PAI-1 Does Not Stimulate the Migration of LRP-deficient Cells—To further test the hypothesis that LRP is a chemotactic receptor for PAI-1, we investigated the effects of PAI-1 on the migration of LRP-deficient cells (Fig. 6). Although, PAI-1 stimulated the migration of LRP expressing MEF-1 (Fig. 6A, columns 1 and 2), it failed to stimulate the migration of LRP-/- MEF-2 (Fig. 6A, columns 3 and 4). Only the migratory response to PAI-1 was altered in these cells since their rates of random cell migration were similar (compare lanes 1 and 3). Thus, LRP deficiency appears to be responsible for the lack of the chemotactic response to PAI-1. This conclusion is supported by the observation that even at relatively high concentrations, PAI-1 did not stimulate the migration of endothelial cells (EC) (Fig. 6A, lanes 5-8), and these cells are known to be naturally devoid of LRP (36, 37).

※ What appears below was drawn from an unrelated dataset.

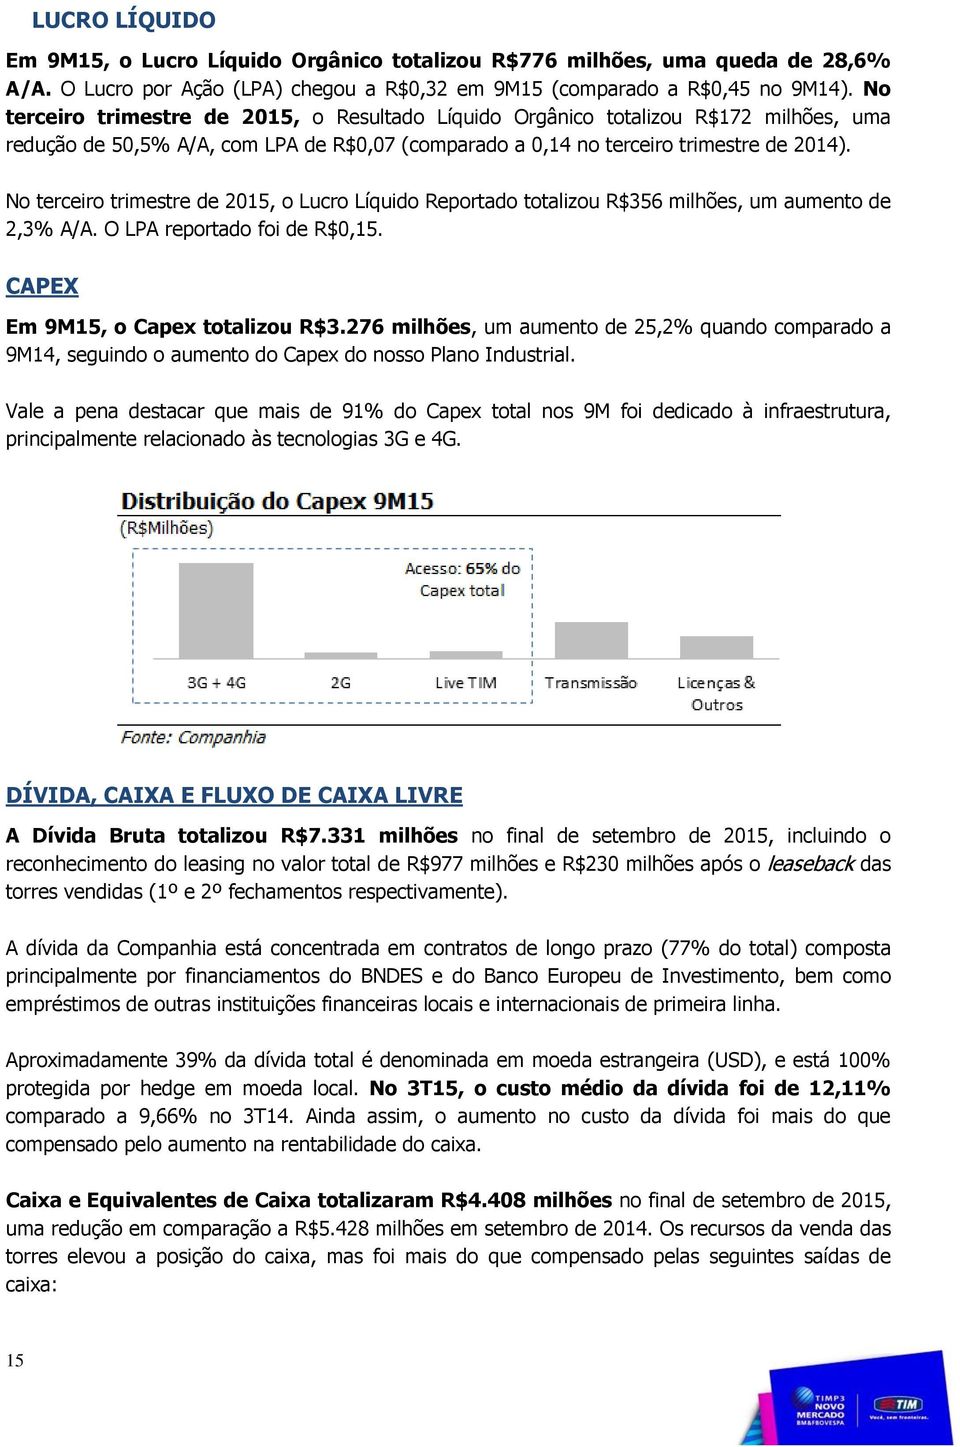 No terceiro trimestre de 2015, o Lucro Líquido Reportado totalizou R$356 milhões, um aumento de 2,3% A/A. O LPA reportado foi de R$0,15. CAPEX Em 9M15, o Capex totalizou R$3.

In this regard, control real-time quantitative RT-PCR experiments revealed that HMVEC-d neo do not express detectable amounts of LRP mRNA (not shown). The failure of PAI-1 to stimulate the migration of these cells was not due to the intrinsic inability of HMVEC-d neo to migrate since bFGF significantly stimulated their migration (Fig. 6A, column 9). Finally, we directly compared the migratory properties of EC and SMC from two major arteries (Fig. 6B). Again, neither EC from the coronary artery (lanes 1-3) nor the aorta (not shown) migrate in response to PAI-1 challenge (compare lane 1 versus 2), although they were induced to migrate when stimulated with bFGF (lane 3). In contrast, SMC from the coronary artery (lanes 4-6) and aorta (not shown) were stimulated to migrate in response to both PAI-1 (compare lanes 4 and 5) and bFGF (lane 6) challenge.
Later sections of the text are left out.